张大夫听了说:“是了!是了!此小儿所患的是想思病。”此言已出满座皆惊。当时有人问:“这么大的孩子怎么会患这种病呢?”张大夫说:“想思病并非青年男女之专利,上到六七十岁的老人,下到四五岁的孩童,皆有可能得之,不过思念的人不同,其结果都是一样的,过分思念,心愿不遂,思虑伤脾,脾伤则无食欲,饮食即减,身体岂有不垮之理。要治这孩子的病也不难,当务之急是尽快找到孩子思念的人,了却患儿心愿,在加以药物治疗,小孩子家恢复的快,大约一月时间便可恢复。

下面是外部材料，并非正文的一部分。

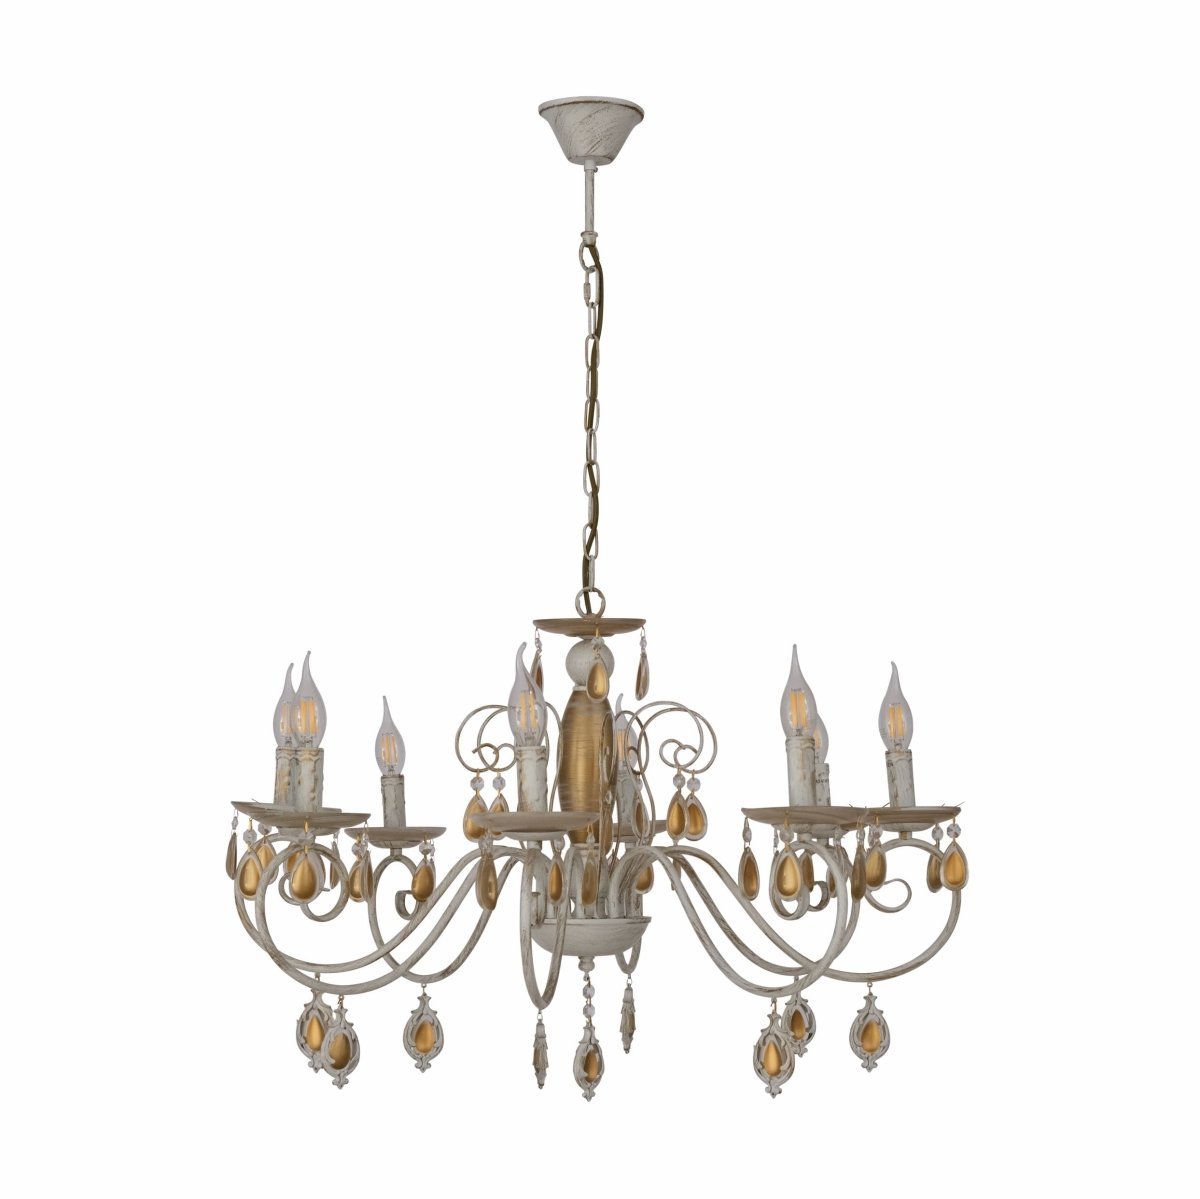 Main image of Amber Crystal Gold and White Metal 8 Arm Chandelier with E14 Fitting | TEKLED 158-19444

“
说罢开了十天的药,并说了一些注意的事项和煎药的方法,邹云林听了一一记在心中,心中一块沉重的石头一半落到了地,谢过大夫,抓了药,回家心切,扬鞭催马,急忙日夜皆程赶车回家。
一路无话,三日后下午回到家中,回家后顾不上鞍马劳困,立即找来管家,吩咐速赎云香回来,管家回话说:“云香是刘二卖给他的一个亲戚了。”当时便唤刘二来问,刘二只得如实回答说:“本来是要领去给我的一个亲戚当媳妇的,因我的亲戚当时拿不出银子来,所以将云香卖给了邹八。”邹云林一听气的把刘二狠狠骂了一顿,吩咐速去查明云香的下落,不论多少钱,人必须要赎回来。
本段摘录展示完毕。